TASK PROMPT
Return all the data exactly, keeping the pictures out.

(Beginning of DATASET EXCERPT)

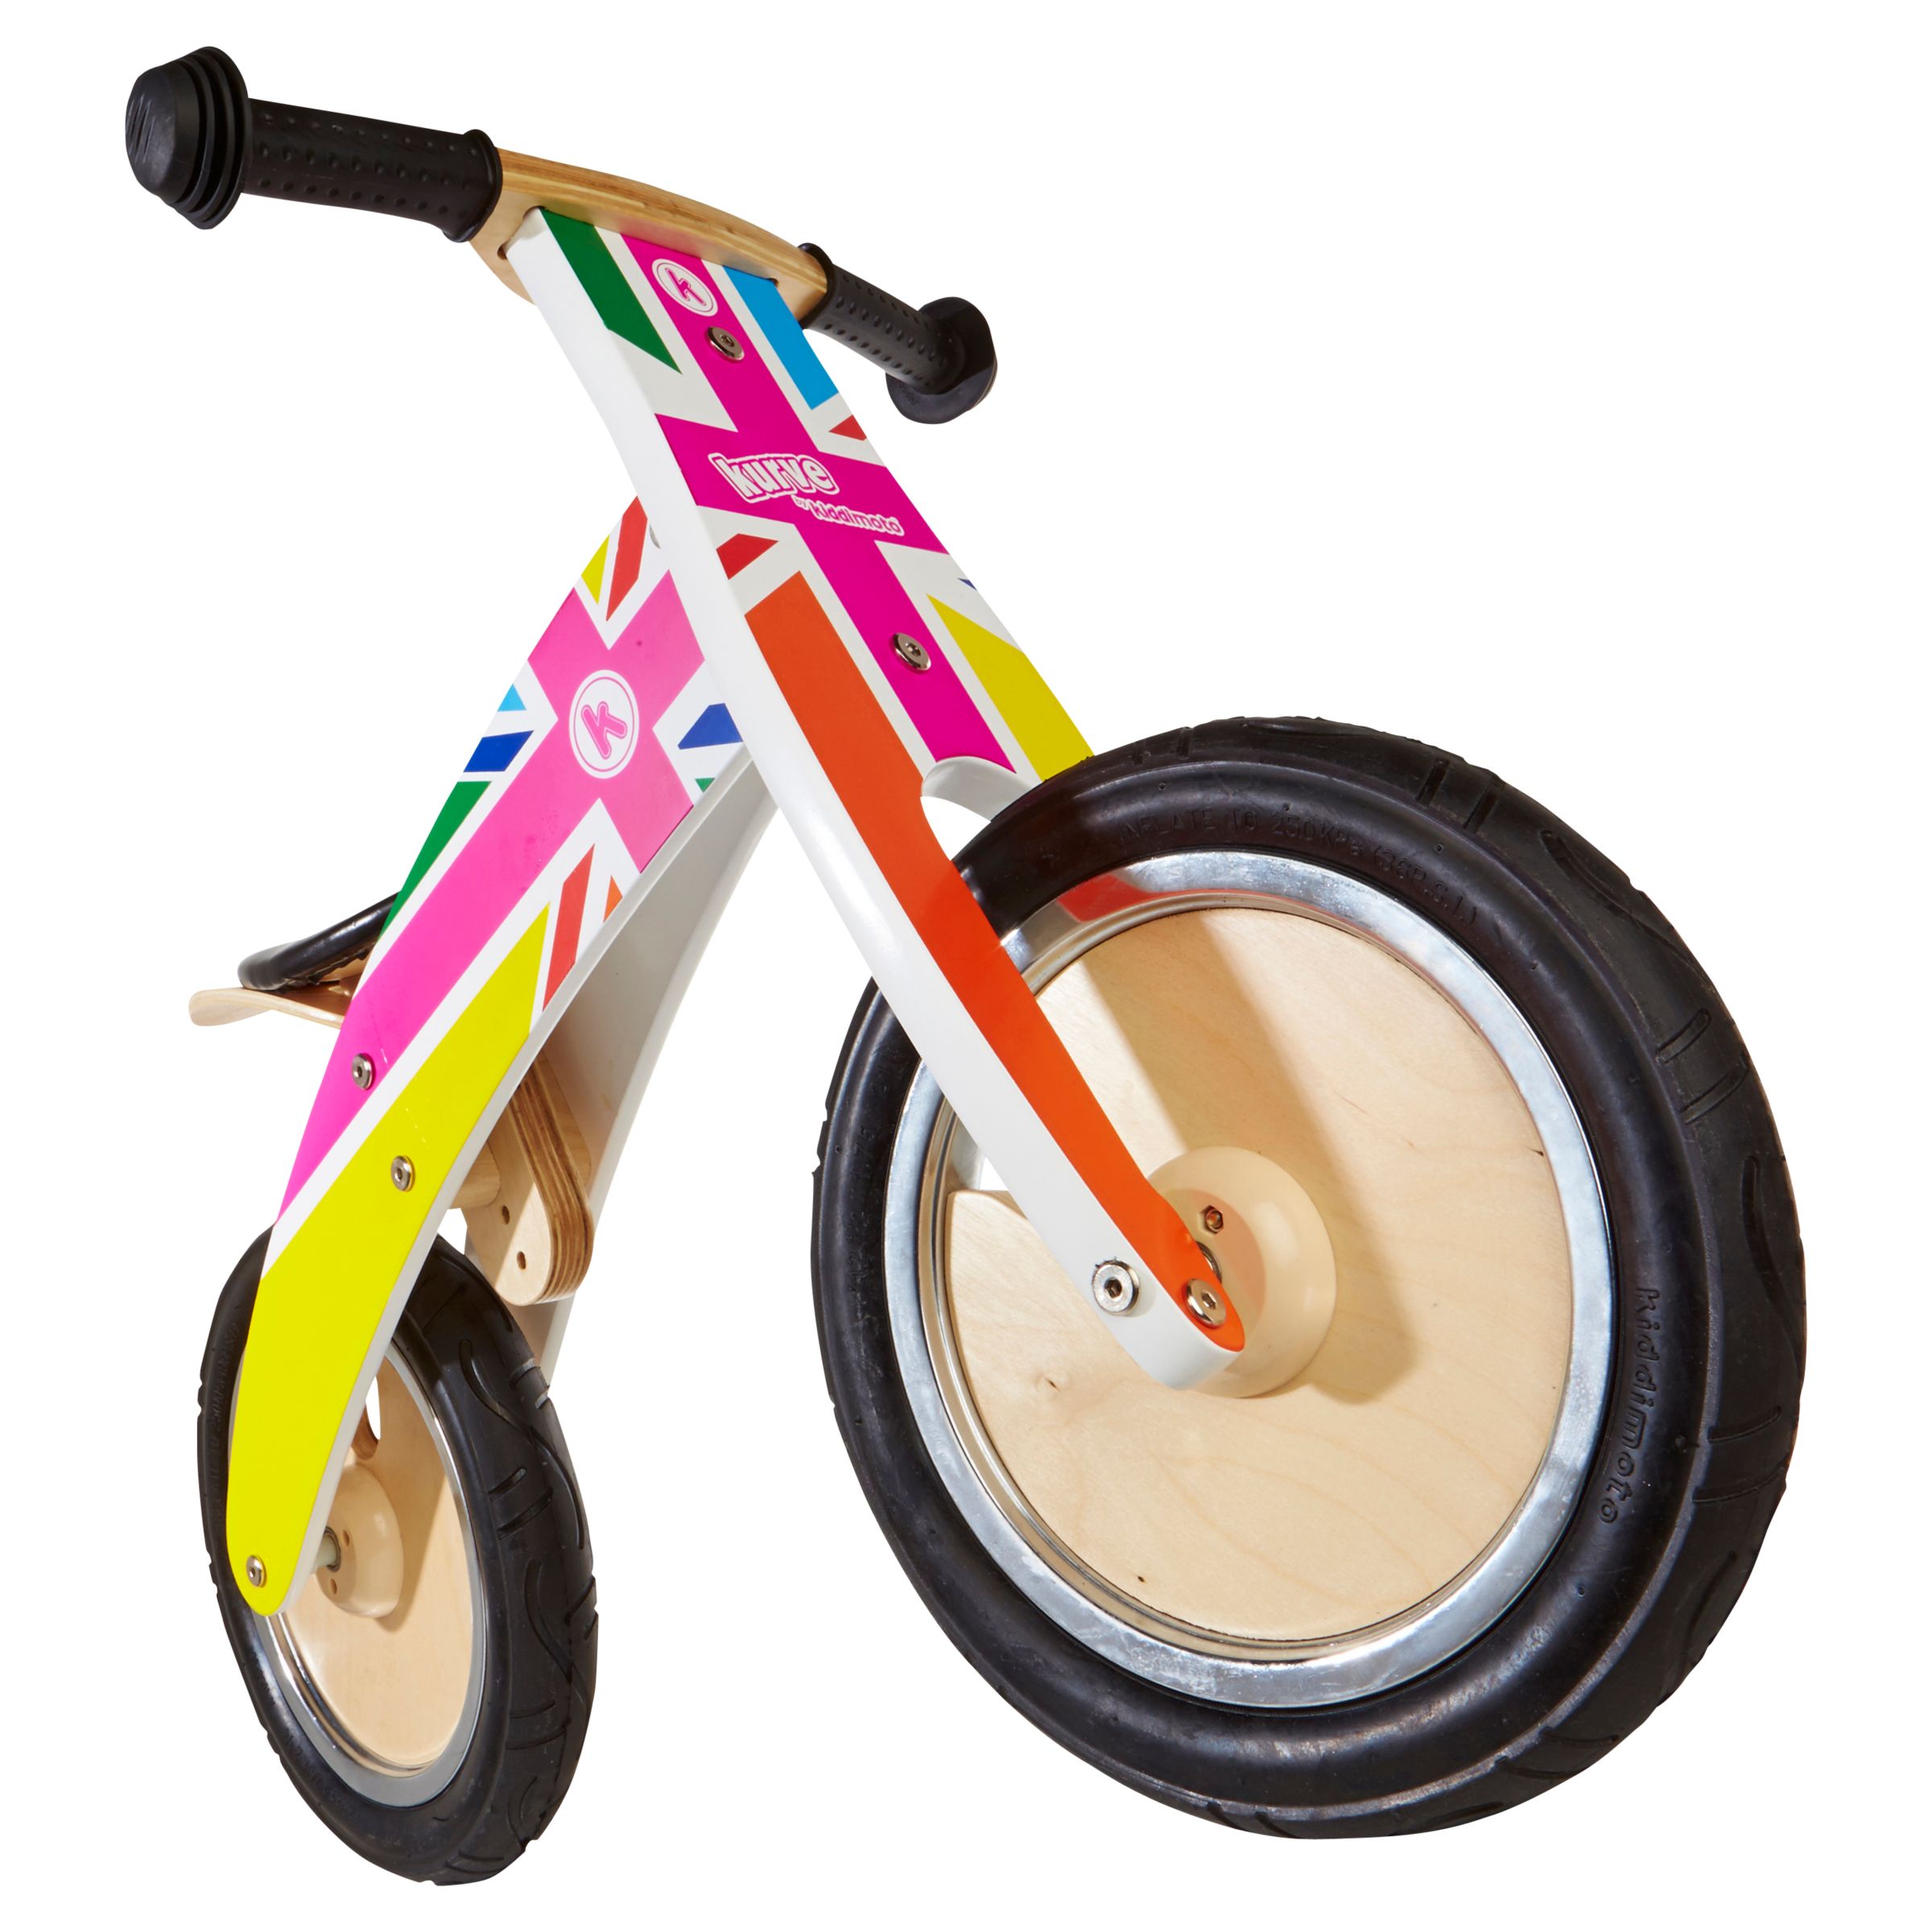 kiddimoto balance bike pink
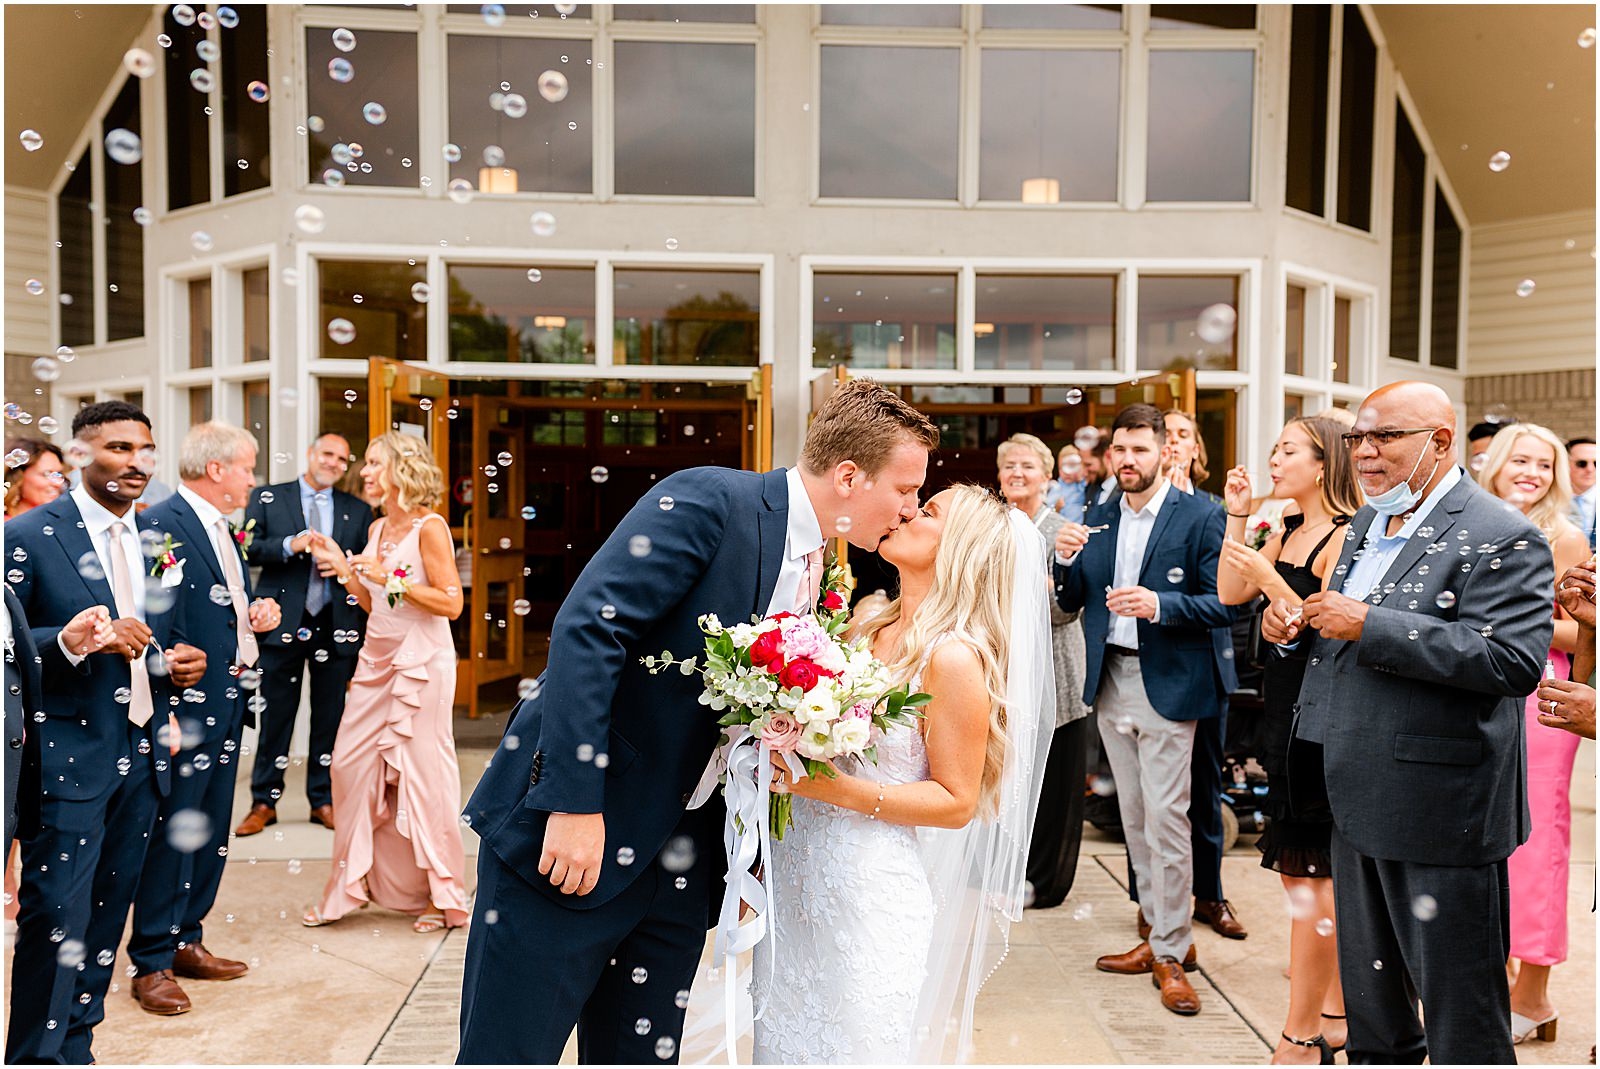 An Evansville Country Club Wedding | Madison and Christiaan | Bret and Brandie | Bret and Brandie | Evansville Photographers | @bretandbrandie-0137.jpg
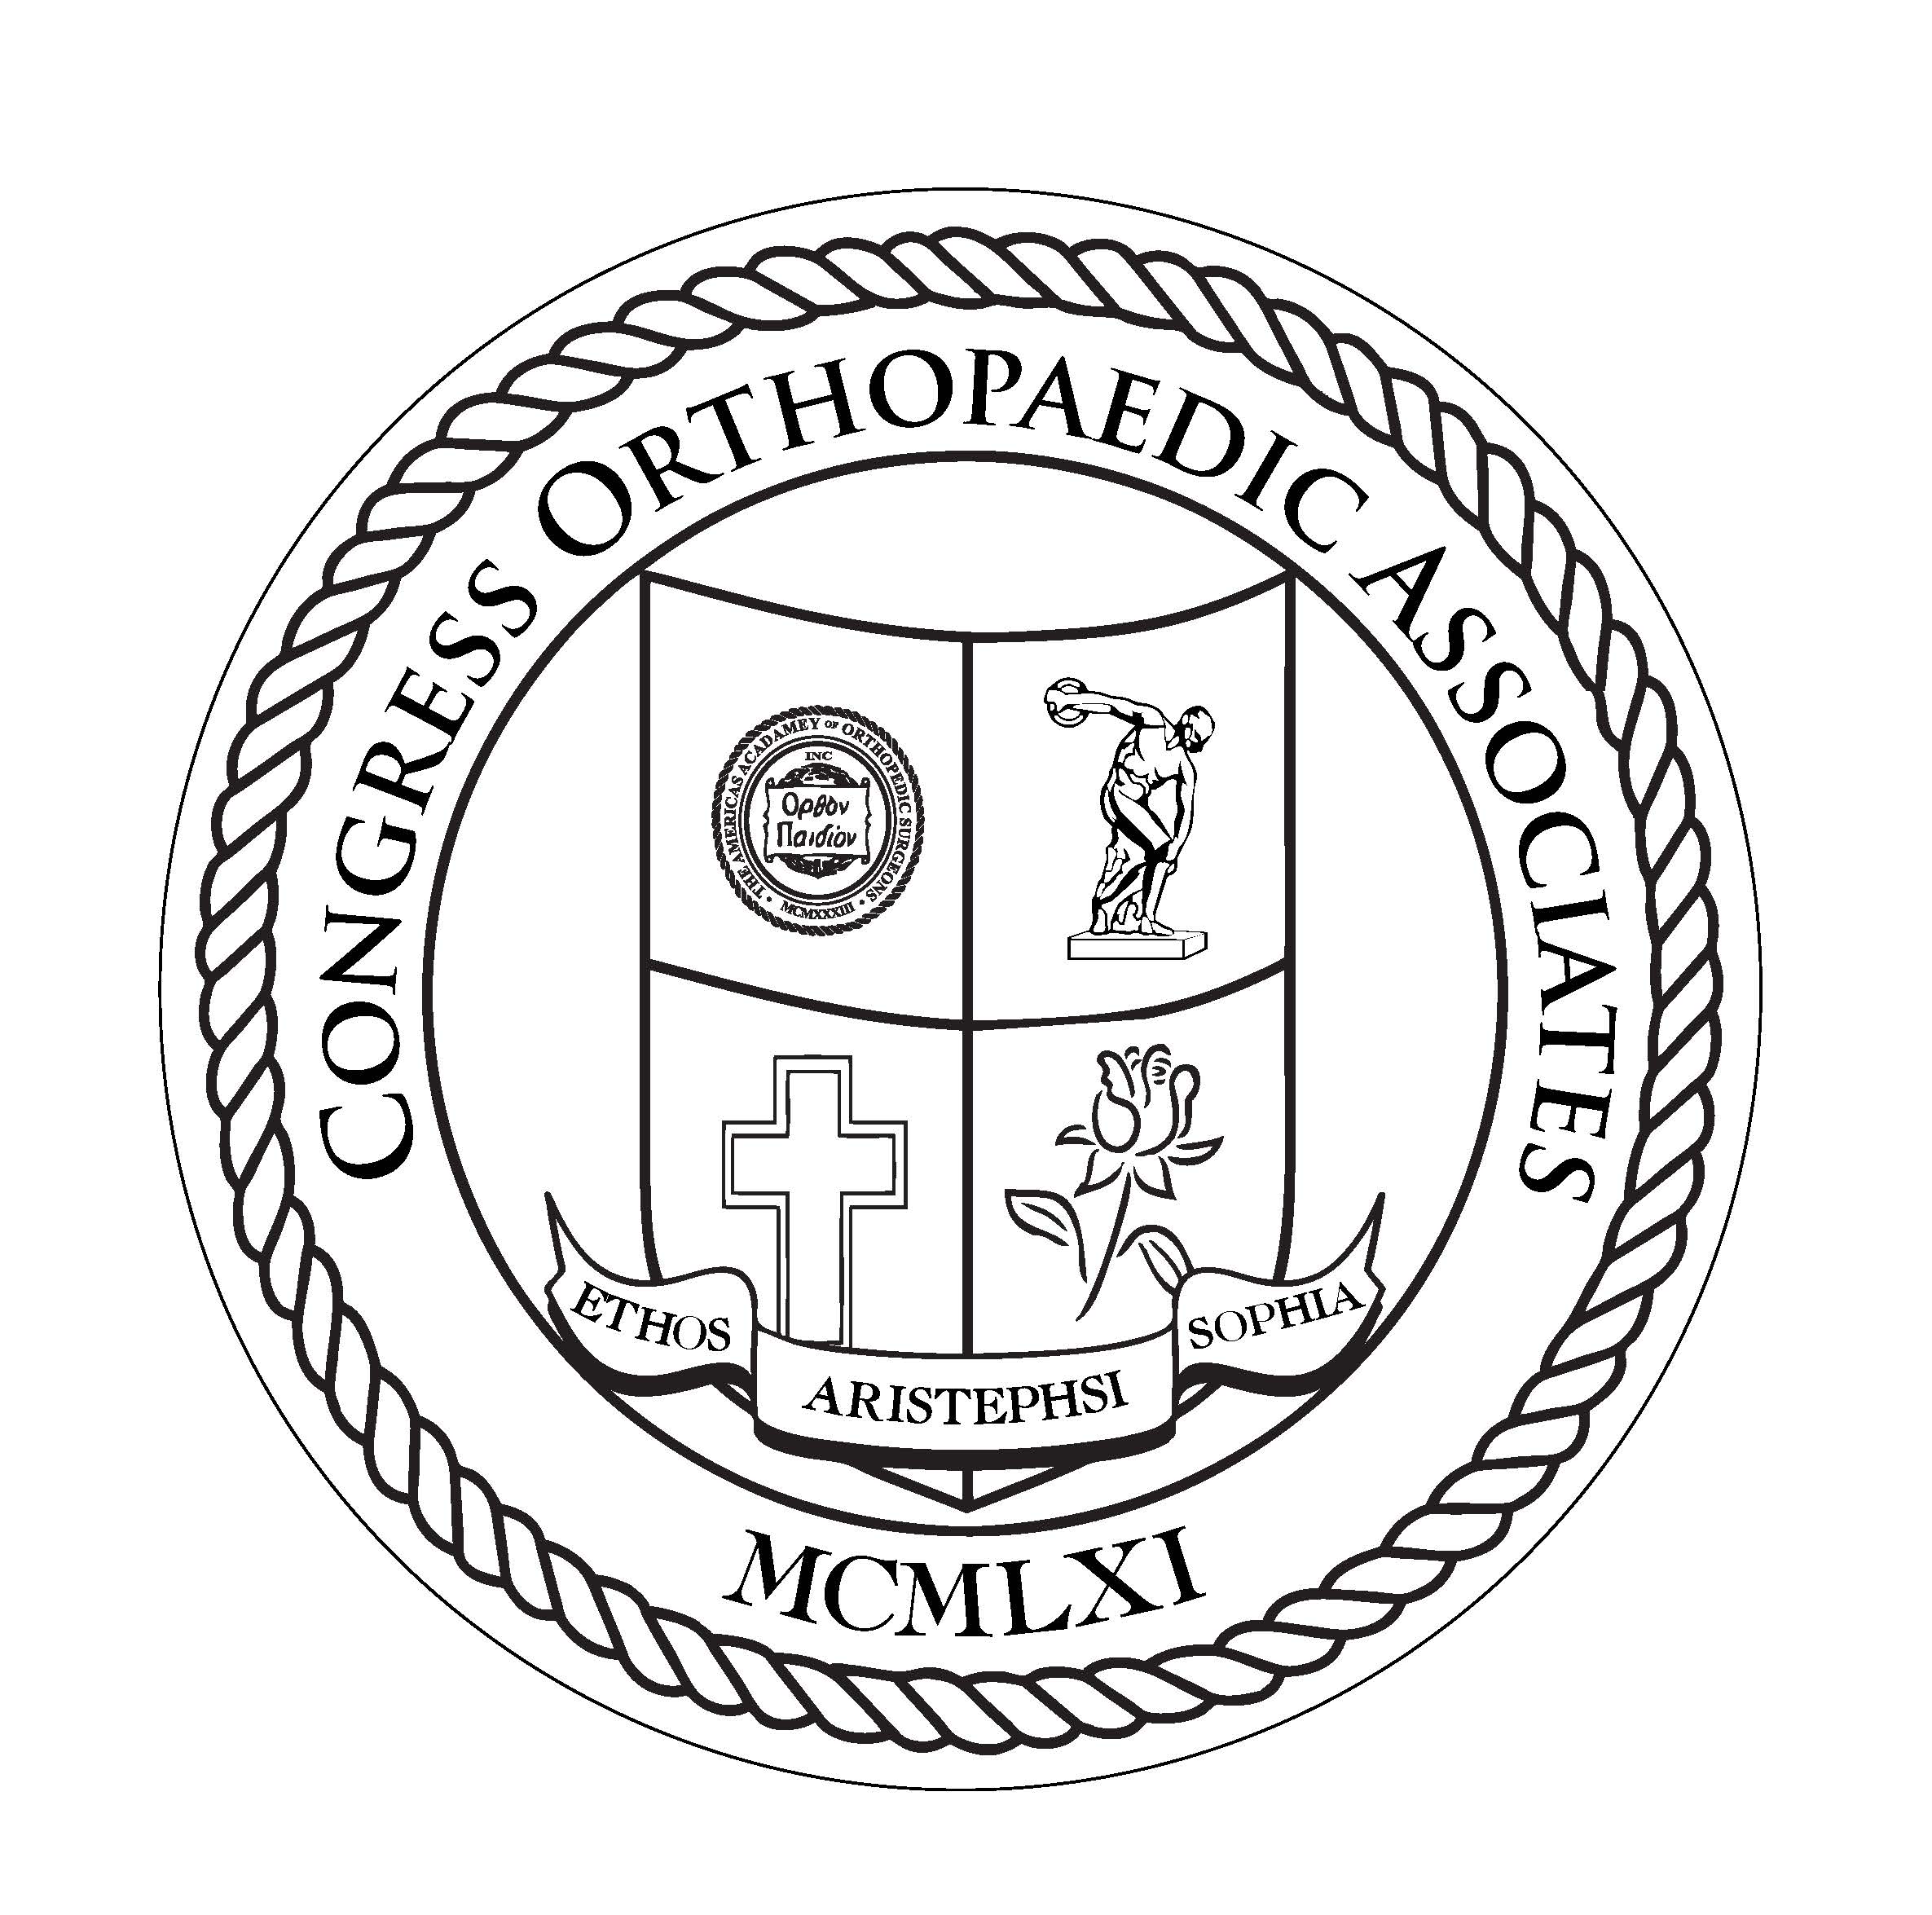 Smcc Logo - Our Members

(End of DATASET EXCERPT)

ANSWER FOR THE TASK
 kiddimoto balance bike pink
 An Evansville Country Club Wedding | Madison and Christiaan | Bret and Brandie | Bret and Brandie | Evansville Photographers | @bretandbrandie-0137.jpg
 Smcc Logo - Our Members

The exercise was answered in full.